Not going to list the specifics in case either of you haven't seen the episode yet, but suffice it to say that his usual whiny-bitch-ness has manifested most egregiously in this latest outing of Battlestar Galactica.
If I had been in charge of battlestar Galactica (I write that the same way I would write "battleship Iowa" or "aircraft carrier Nimitz") that whiny punk would have been thrown in the brig after he unilaterally decided that humanity would not, after all, solve its little problem with the Cylons using biological warfare, regardless of what the duly elected and appointed government and military leaders had decided. (Karl Agathon knew better than they did! ) In fact, I might have unilaterally decided to solve my little "whiny-ass bitch problem" by having him summarily executed. There are, after all, all kinds of airlocks on a battlestar.

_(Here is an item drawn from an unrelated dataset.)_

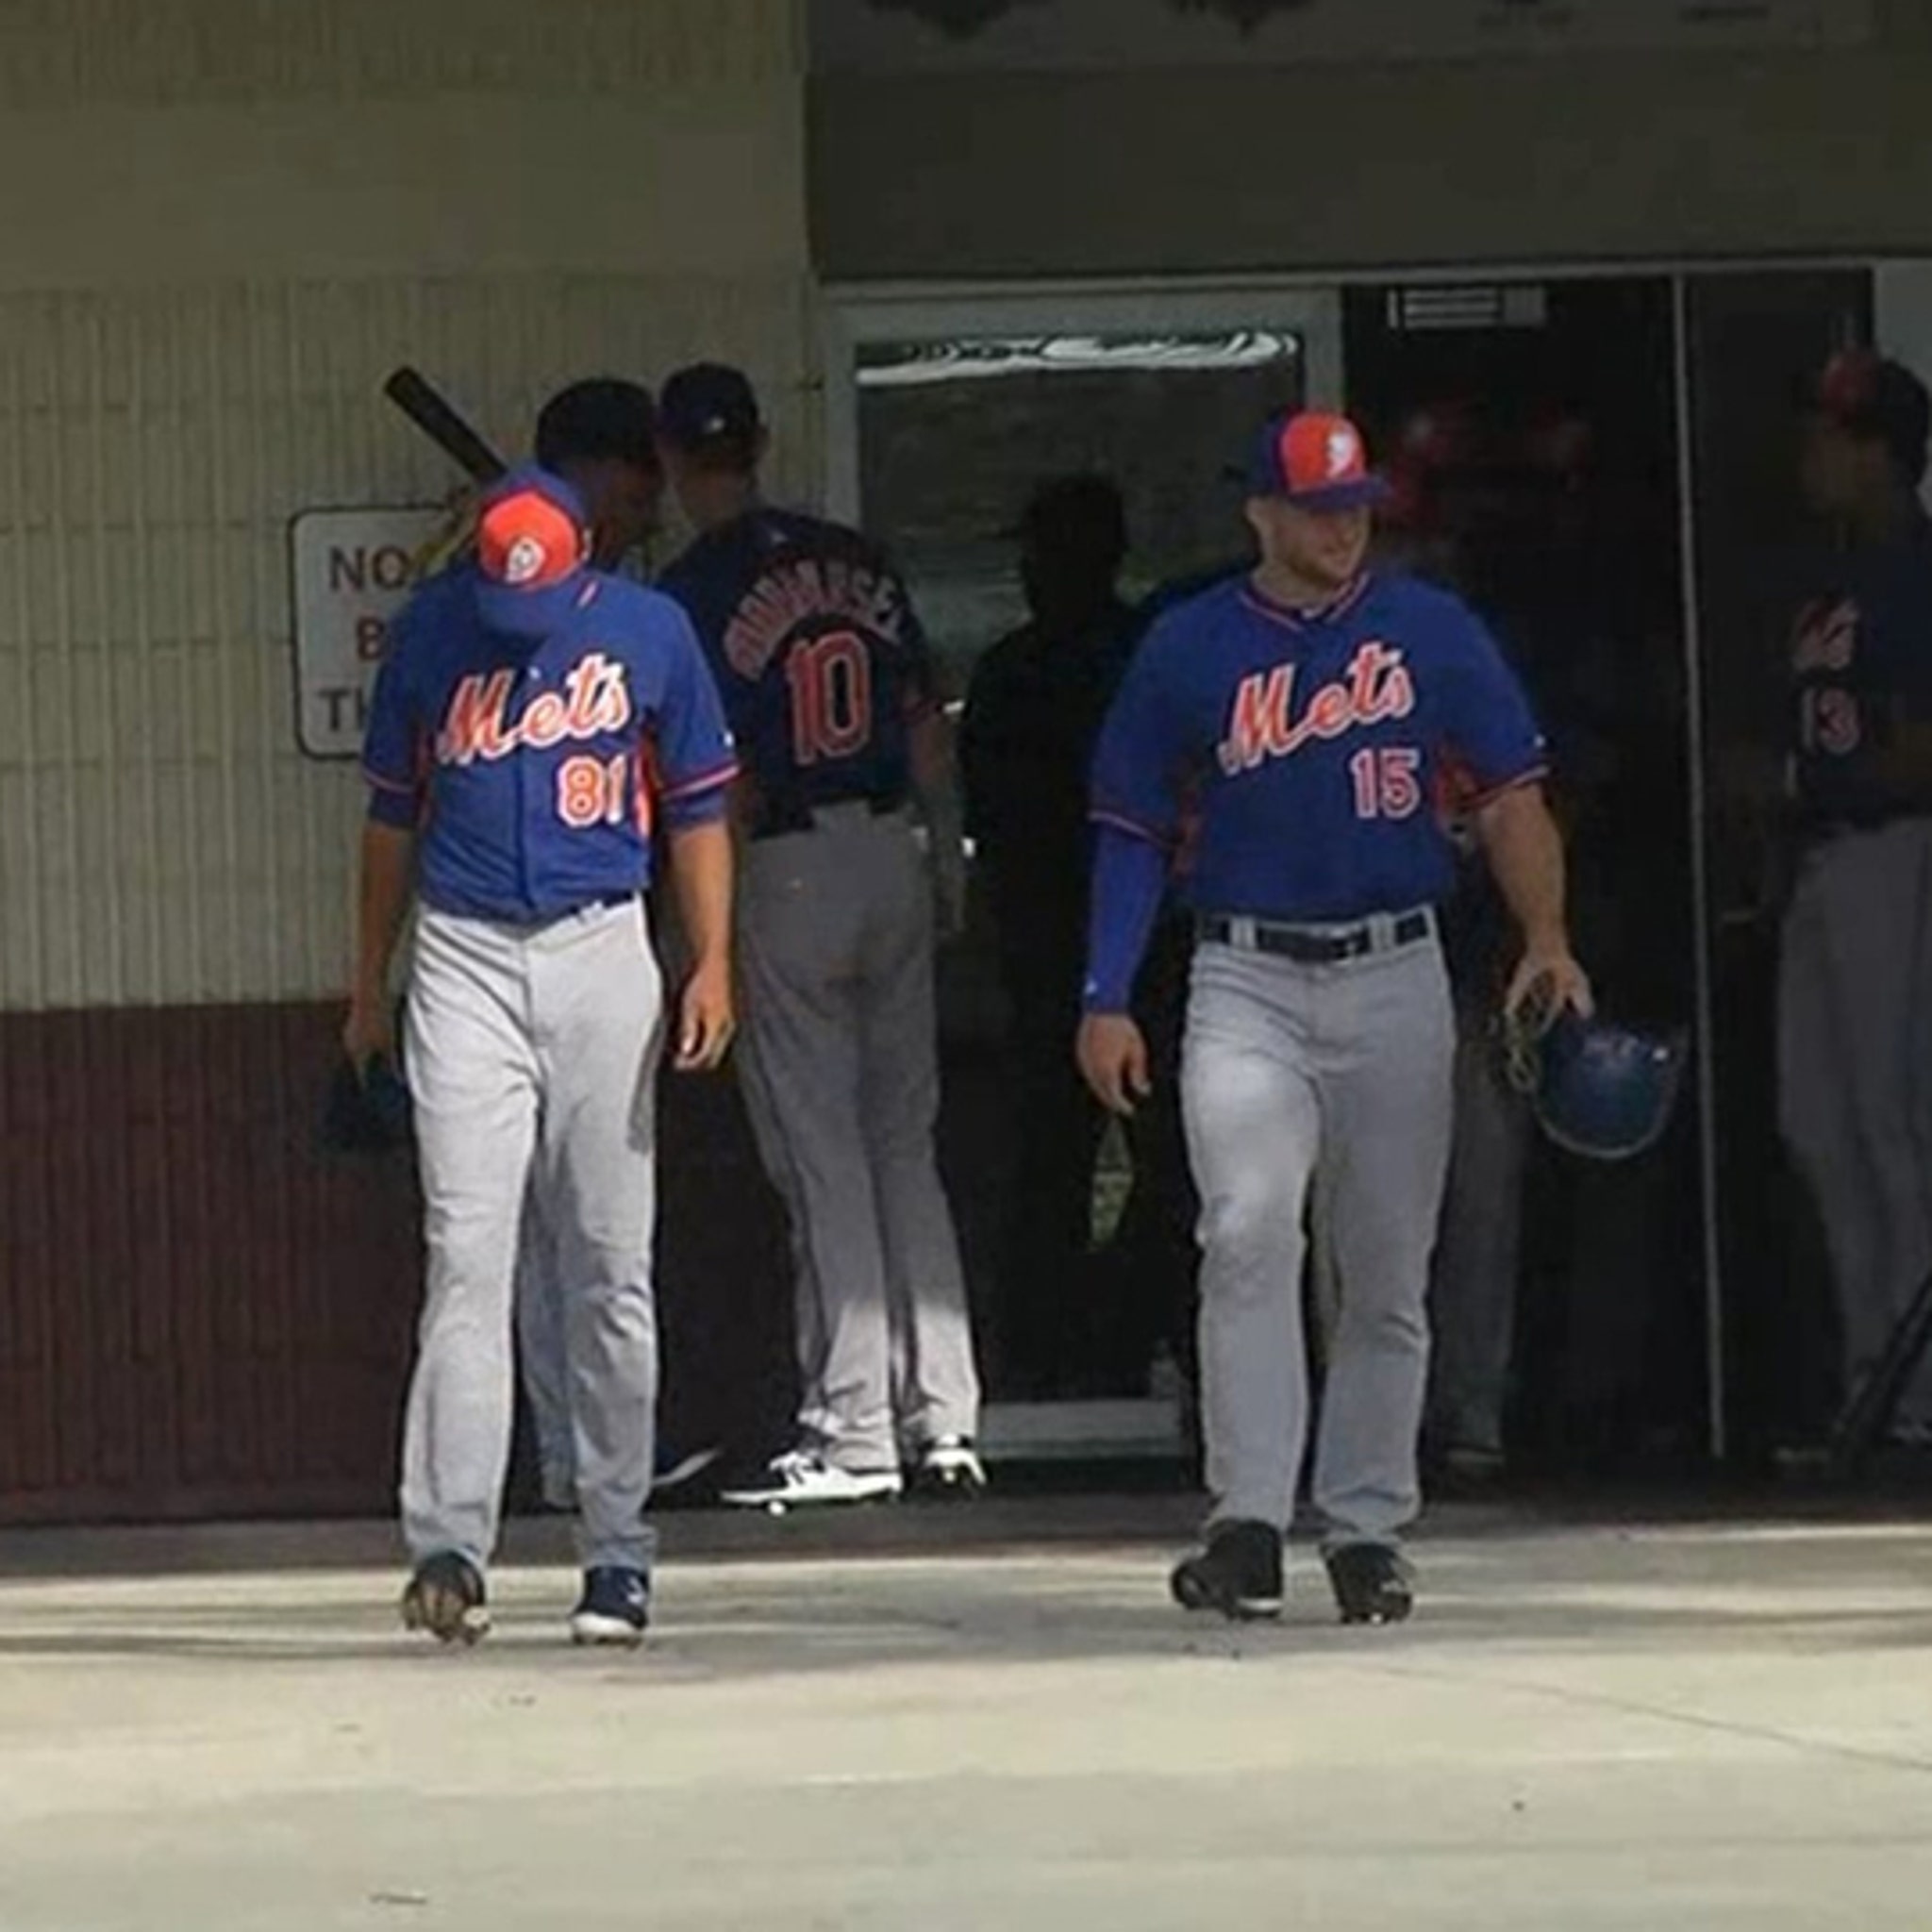 Tim Tebow works out at New York Mets camp, wearing No. 15 in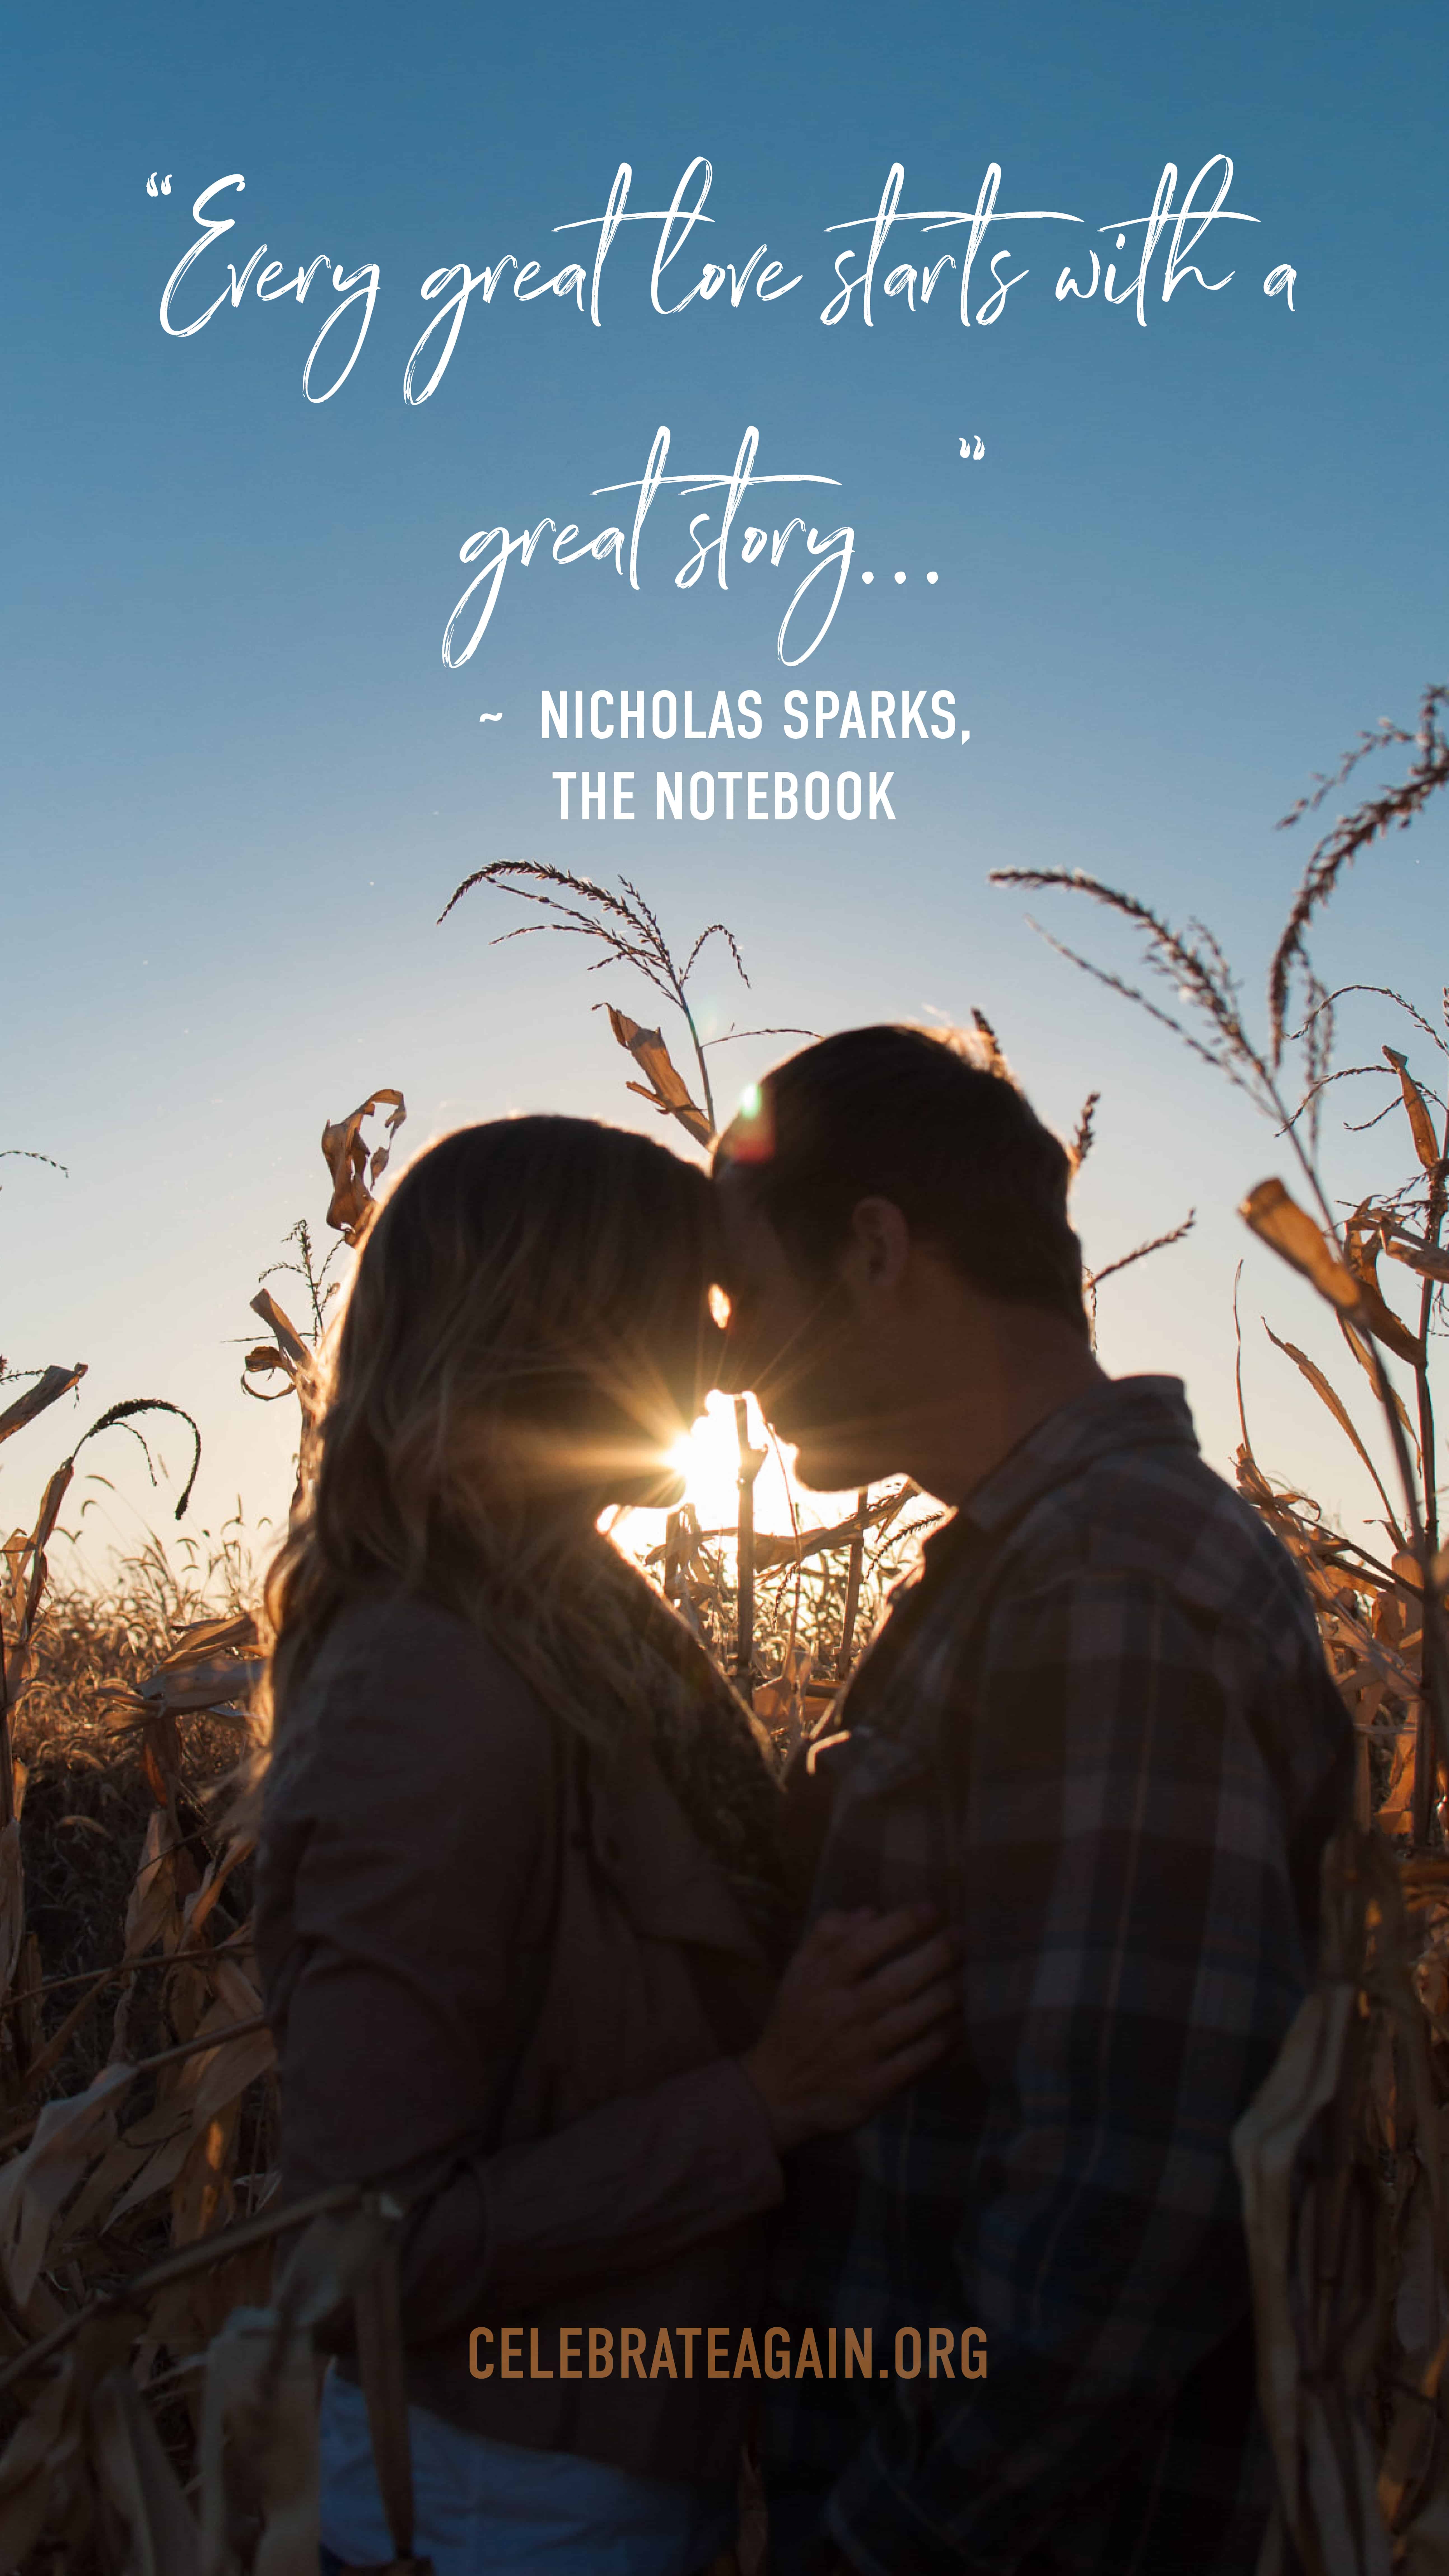 “Every great love starts with a great story...” ― Nicholas Sparks, The Notebook couple resting foreheads together in a farm as the sun glows around them image by celebrateagain.org

Look, Grace Park is a hottie and all, and the fact that her character is mass-produced makes me hope that someday other hot women can be mass-produced, but let's face the facts: after he fell in love with Sharon-Valeri-the-toaster, Karl Agathon turned into a raging pussy. He's more concerned about the well-being of the Cylons than his toaster wife is.
Although his concern for the enemy's well-being and his consistent "if we do that, we're just as bad as they are" riffs are common threads for every whiny bitch-man soldier in movies and TV since 1950, I had thought that the writers and producers of the new BG would have excised that schtick as both clichéd and boring. (And stupid.)
That said I have to agree--though reluctantly--that such whiny pussies are endemic to the breeds of Man. These are people who lack perspective--who don't understand that when the survival of your race is at stake there's no such thing as "unfair".
It's sad but true that there are always going to be plenty of morons who don't understand that not everyone is going to be reasonable and that some people will not stop being mean until you beat the everloving shit out of them.